Per carità, si tratta di iniziative "nobili", ma se la filosofia passasse in una logica oltranzista saremmo nei guai con le indispensabili esportazioni dei nostri prodotti e chi l'applicasse in maniera rigida – specie alle quote più elevate! - si priverebbe di prodotti indispensabili per la propria salute visto che in una montagna come la nostra non si può certo tornare alla grama autosufficienza o ad una pratica autarchica degna d'altri tempi.
Tuttavia , in questi tempi difficili, un appello un pochino retorico lo vorrei fare anch'io, che quando compartecipo alla spesa mi sento cittadino del mondo (di recente ho comprato prodotti greci perché anche così si possono aiutare). Io penso che una riflessione su di una logica di reinvestimento in ambito locale nell’acquisto di una serie di prodotti autoctoni non limitabili all'agroalimentare ma a una gamma di beni e servizi, per fare reddito da noi stessi, ci stia abbondantemente.
E' interessante leggere per la sua completezza lo studio della Facoltà di economia e commercio di Torino che ha elencato i prodotti a vantaggio del label "Saveurs du Val d'Aoste" e del suo disciplinare.
Stringere le fila in epoca di crisi non è una logica di chiusura ma di solidarietà.

Commenti

E se allargassimo...

le tue considerazioni finali anche ad altri settori della economia, non solo alimentari?
Vedo poca sensibilità a proposito (pur salvando la concorrenza di mercato).

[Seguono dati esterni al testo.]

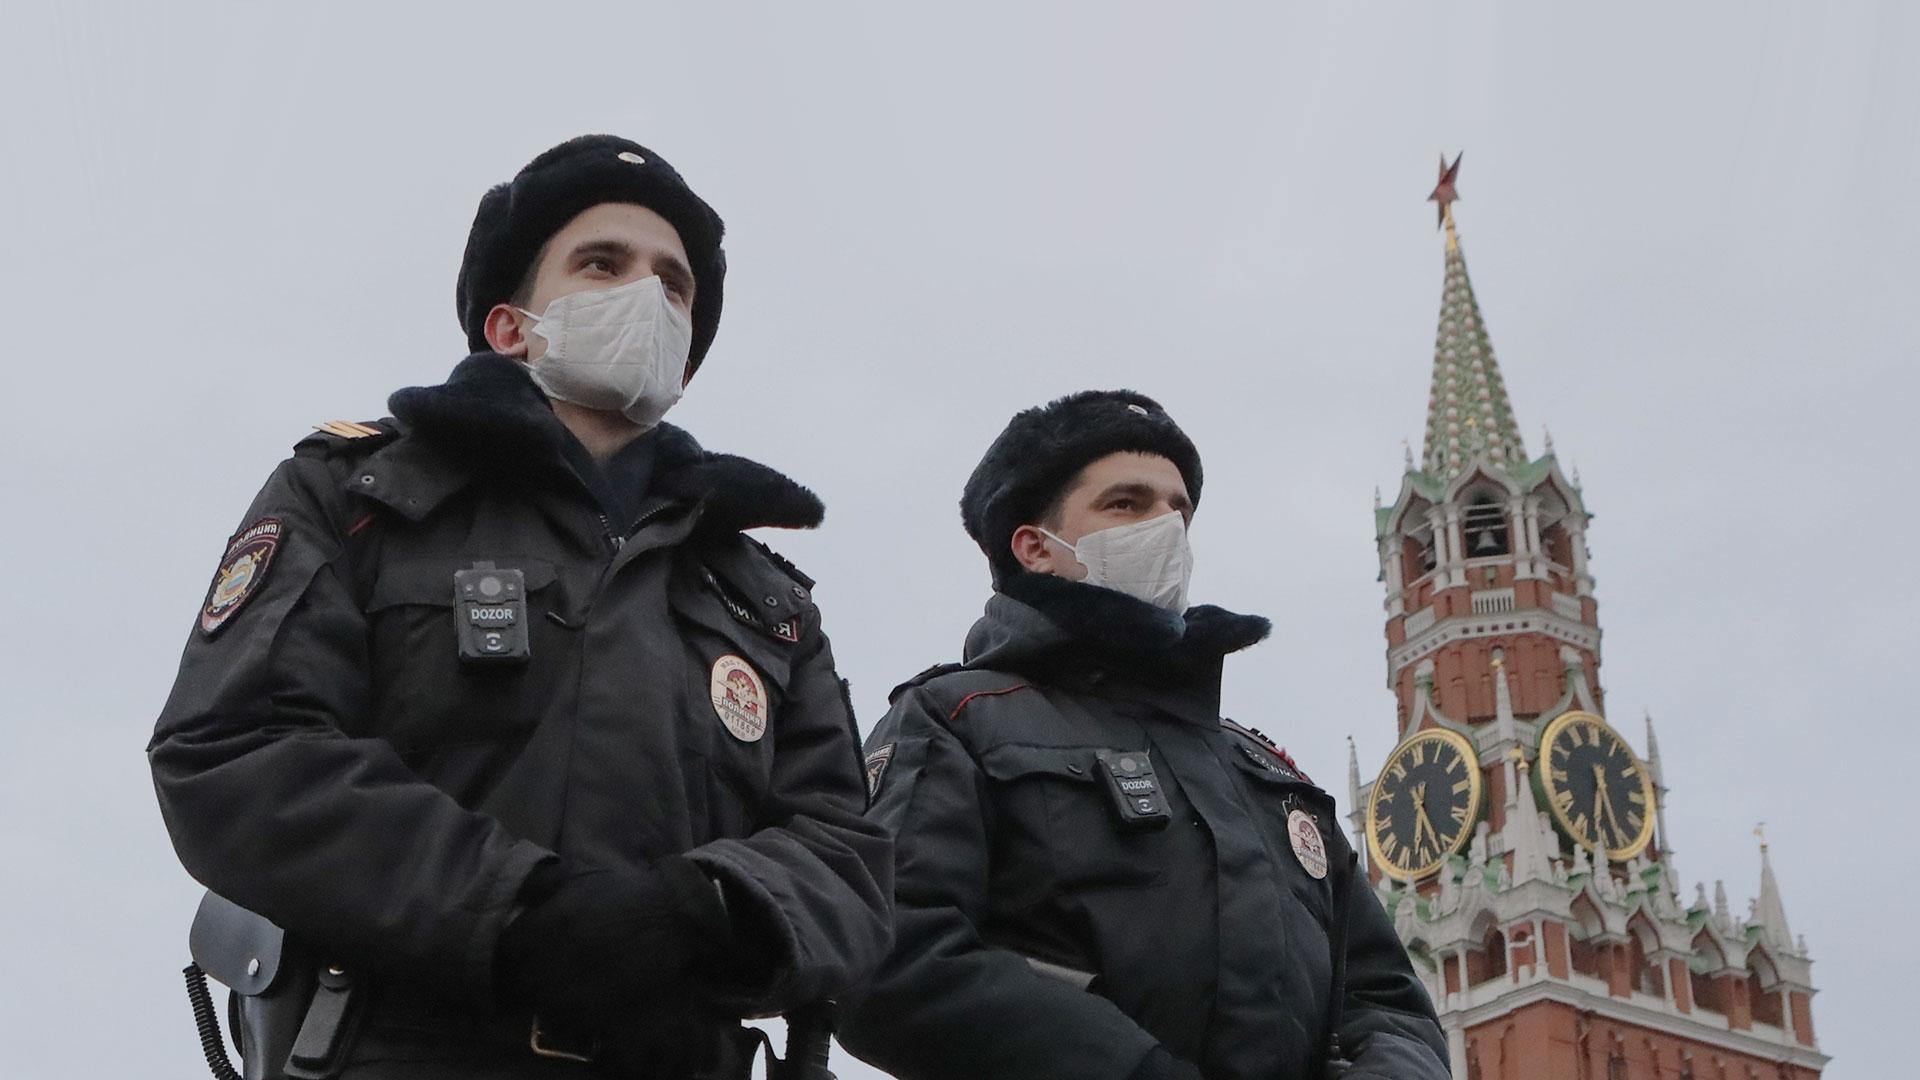 4 факта о том, как москвичи соблюдают карантин. Спойлер: неидеально

Certo che sono d'accordo...

ne accenno in fondo parlando di "beni e servizi".
So che gli obblighi di concorrenza rendono in certi settori la situazione non semplice per il pubblico, ma almeno il privato può scegliere in una logica onnicomprensiva fornitori locali.
Trovo che tutti ne abbiamo le scatole piene di risparmiare qualcosa ma di avere poi a che fare con entità fantasmatiche se ti capita qualcosa, per non dire appunto del "PIL" e suoi annessi e connessi.

Aggiungo solo...

che anche nel caso degli acquisti pubblici si potrebbe fare di meglio, pur nel rispetto delle regole della concorrenza che, sottolineo con enfasi, fanno bene al mercato, se fossero sempre applicate.

Contro corrente...

frutta e formaggi valdostani li compro spesso e volentieri, il latte è già più complesso e, quando possibile, preferisco andare nei negozi in città piuttosto che negli ipermercati, anche se, per alcuni acquisti (detersivi, igiene personale, surgelati), non si può evitare.
Recentemente ho scelto di regalare alla mia piccola, per il 25esimo "complimese" un giocattolo in legno realizzato in Alta Savoia, sobbarcandomi un costo di 35 euro rispetto un oggetto simile in plastica, realizzato in Cina, dal costo molto più basso e prima o poi, se le finanze lo permetteranno, le porterò un "tatà" realizzato con un pezzo di legno proveniente da un albero che era non troppo lontano da dove lei ha aperto gli occhi per la prima volta.
Sul "chilometri zero", pur essendo un grande fan di "Eataly", la mia opinione è «ni»: evito accuratamente di acquistare i "pomodori ciliegino" che fanno migliaia di chilometri dopo che sono stati raccolti per essere lavati e confezionati, ma non mi fossilizzo nell'acquistare prodotti che poi non mangio, ad esempio certe mele, che non trovo all'altezza con altri prodotti simili che arrivano dall'altra parte d'Italia e sono più competitivi sotto tutti i punti di vista.
Allargando il discorso al mercato automobilistico, devo ammettere di essere molto deluso dalla principale industria del Paese: non c'è proprio paragone, né dal punto di vista del prodotto, né per quanto riguarda la convenienza economica e, per la seconda volta, contribuirò al mantenimento di un colosso d'oltralpe, conscio di aver acquistato un'auto prodotta in Spagna. Non in Serbia, non in Romania e neanche in Repubblica Ceca... e di qualità ce n'è davvero tanta!
Se poi le auto "di qualità" di marca italiana sono dei prodotti americani posticci, se tanto la produzione viene ormai effettuata fuori Italia, dove vengono ancora richiesti gli "aiuti di Stato", mi chiedo perché devo viaggiare mediocremente spendendo di più quando non serve a nessuno...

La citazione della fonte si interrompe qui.